We can enforce a rule to all program files:
In each line, before the first non-space, non-tab character, use TAB only! And after that character, use SPACE only!
The advantage of this rule is that, first of all, regardless of how many spaces the tab's interpretation is, the code is always uniformly indented, and since tabs and spaces do not mix together, the appearance of the code line is fixed. Secondly, compared to the all-space solution, it can reduce file size dramatically. I consider this to be the perfect solution.

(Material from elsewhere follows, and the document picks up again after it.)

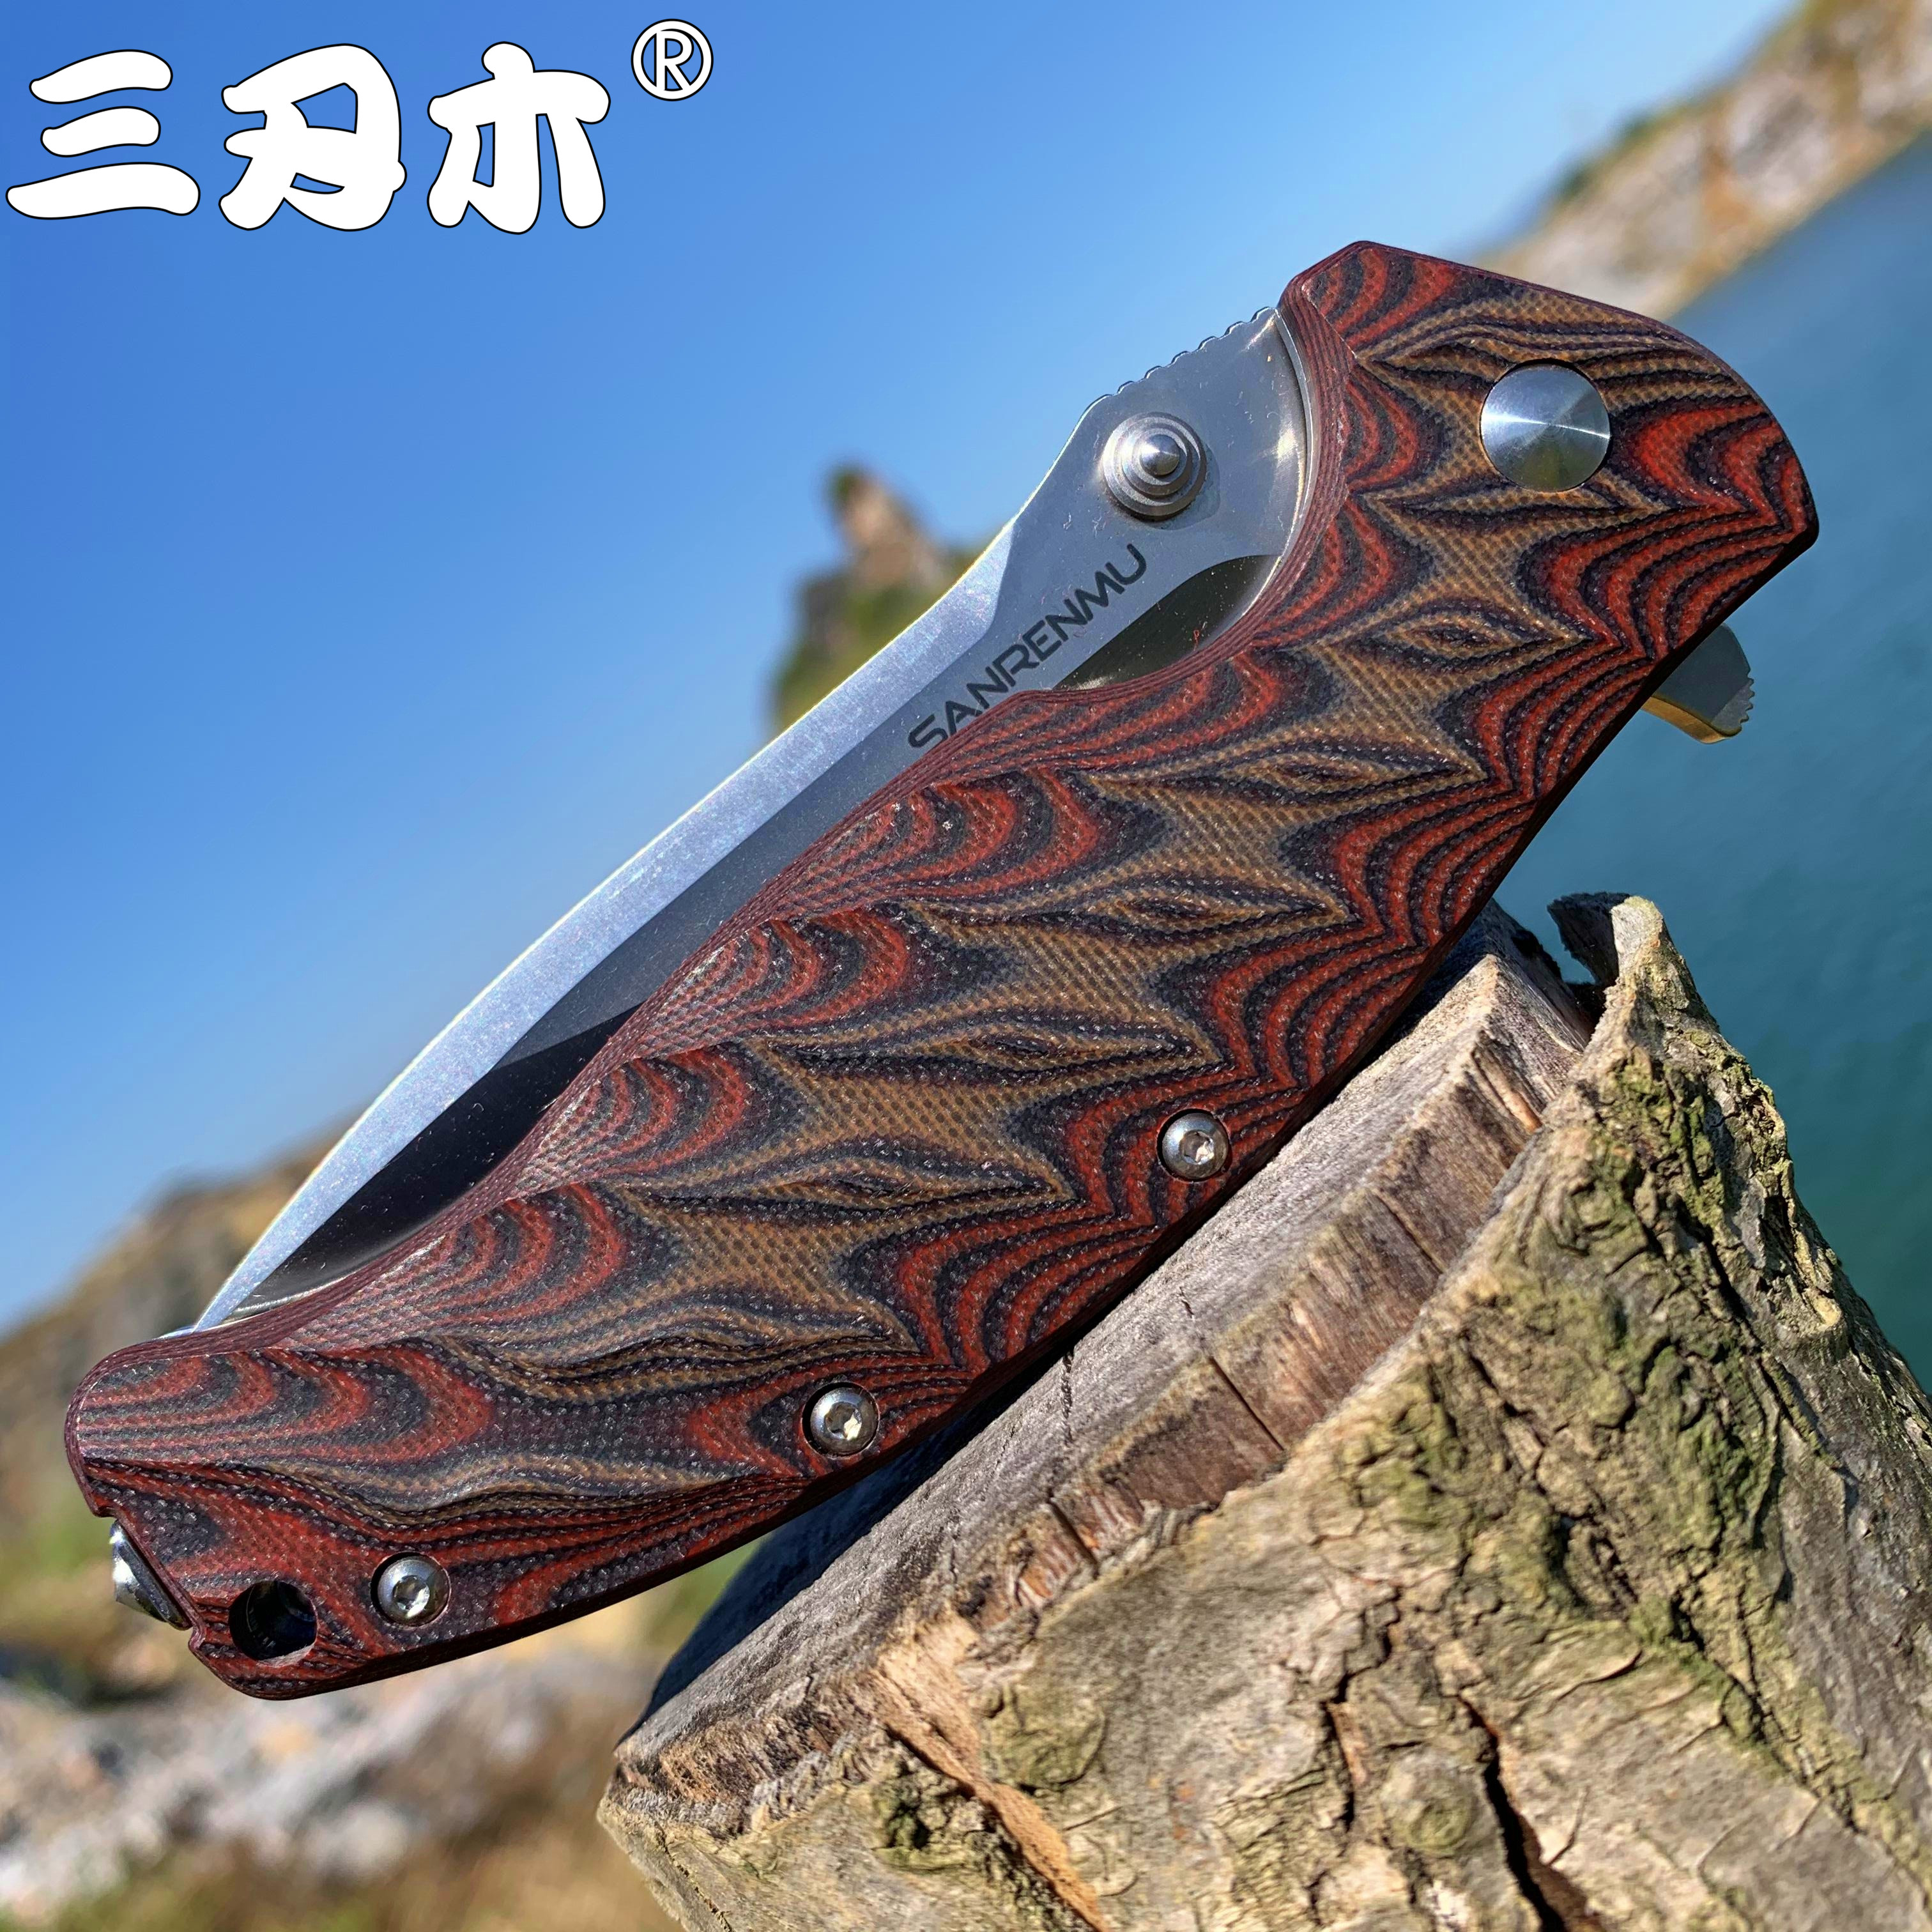 1005 Ball Outdoor 9Cr14 Camping SRM Bearing Steel Folding Pocket Blade Knife SANRENMU Survival EDC Flipper

Therefore I wrote a small utility TabSpace (currently, only under Windows) for this purpose: It helps programmers to convert source files to files that comply with the above tab-space rule. TabSpace performs this conversion on all the files within the current directory (including all its subdirectories) that match particular patterns you provide. For example, if you want to convert Go files and Python files, simply type:
Tabspace *. go *. py
The code beautification functions of TabSpace include:
-
Tab-Space rule enforcement
-
Convert white space (isspace returns true) characters to standard space (0x20)
-
Remove trailing spaces in a line
-
Standardize all line breaks to the UNIX standard: single LF
If the conversion is successful, the original file will be renamed to a backup file with the same basic file name and an extension of the original extension plus bak. So this program won't let you lose anything.
In TabSpace, when converting a tab to spaces or vice versa, it is stipulated that 1 Tab = 4 spaces. This rule is currently fixed. A majority of coding guidelines from major software companies and major languages also enforce this rule.
TabSpace refuses to perform conversion for the patterns "*" and ".*", since the conversion is meaningful only for code files.
So just enjoy! Should you find any bugs, feel free to contact me via the address provided above.
Jan 21, 2024 update: Some programmers still like the aligned all-space rule I previously adopted before thinking of the tab-space rule, as they are are willing to trade file size for absolute visual consistency. So I now readd the aligned all-space rule. Aligned means the number of leading spaces (before first non-space non-tab character) is always a multiple of 4.